A security device that can be comprised of hardware, software, or both, a firewall is the first line of defense for a computer or network to protect its data and applications from attacks and breaches. Firewalls also track what data goes in and out of the network and block unauthorized connections. Businesses of all sizes should use a firewall as the first line of defense.
This type of software, also called anti-malware software, scans files for known viruses and blocks potential threats to the device it is installed on. You should regularly update the software so it protects against recently created viruses. Periodically, you should also perform a full scan of each device on your network by following instructions for your specific antivirus software.
This refers to proper password practices that keep your devices, applications, and networks safe from cyberattacks and viruses.
Encourage employees to use a password manager, so they can easily use unique and long passwords for each account or system.
PCI (Payment Card Industry) compliance
The PCI Security Standards Council sets requirements that organizations and sellers must follow for safely and securely accepting, storing, processing, and transiting cardholder data while processing credit cards. Not complying with these PCI requirements can result in fines and the risk of losing your merchant account, not to mention the risk of data breaches, loss of revenue, and a damaged reputation.

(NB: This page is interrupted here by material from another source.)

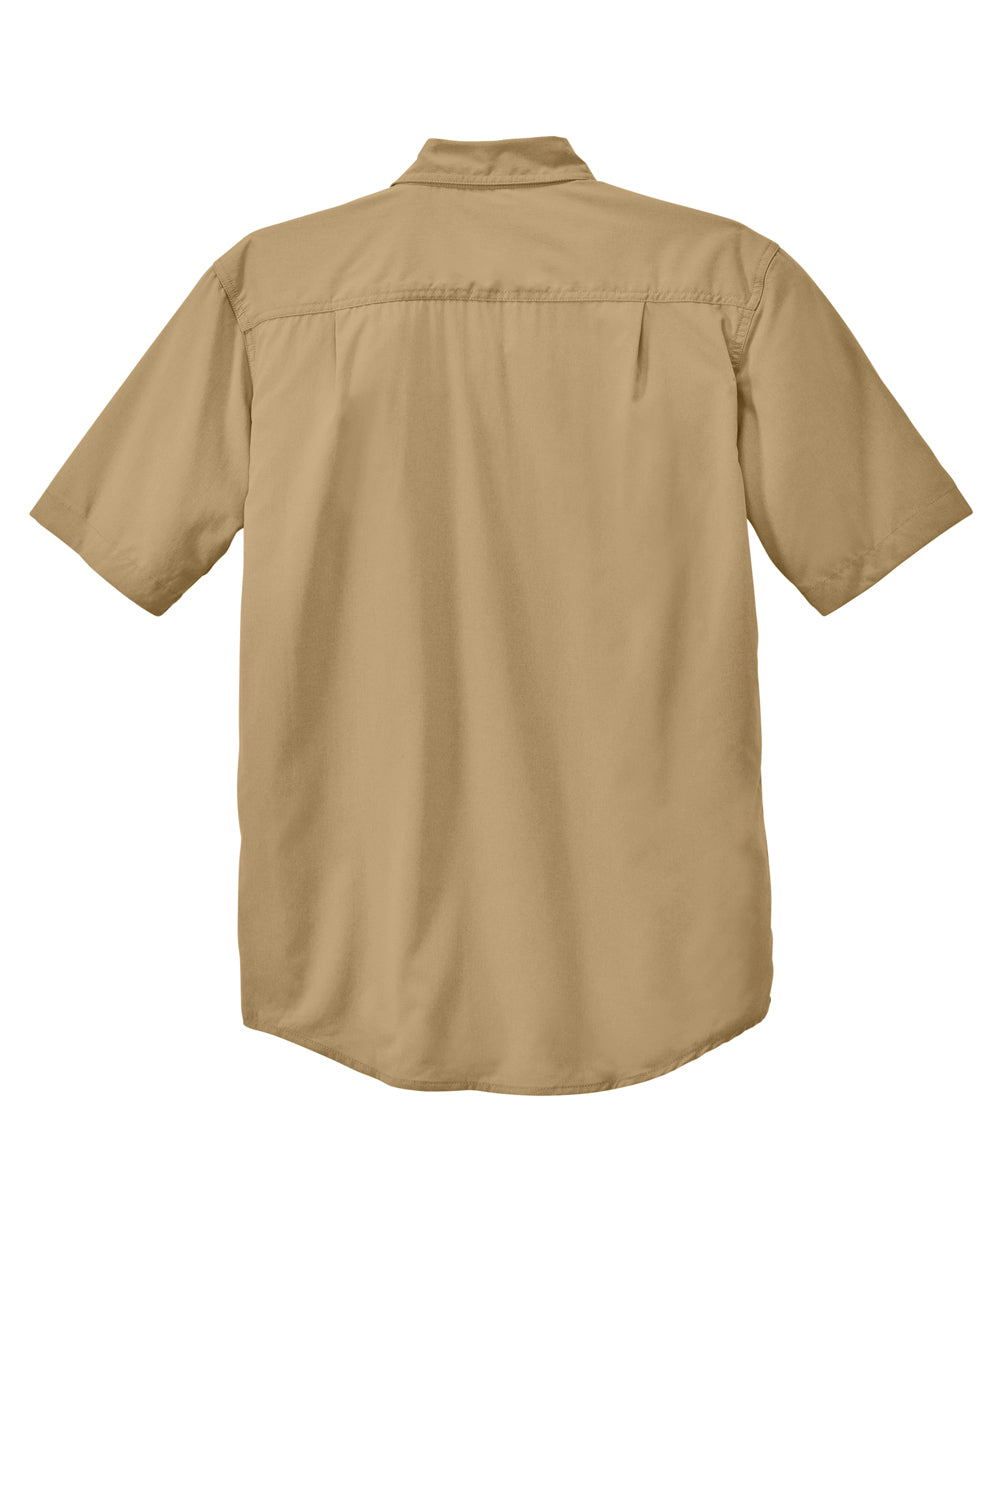 Carhartt CT105292 Mens Force Moisture Wicking Short Sleeve Button Down Shirt w/ Double Pockets Dark Khaki Brown Flat Back

Cybersecurity strategy plan
Regardless of the size of your business, you need a plan that details how you’re protecting your business’s network and data. The strategy should be regularly updated and include firewalls, anti-virus software, employee training on phishing and passwords, encryption, and authentication.
Incident response plan
When a security issue happens, this strategy details exactly what to do to immediately secure the network and data, who to contact, and how to recover the data. Provide copies to all appropriate employees.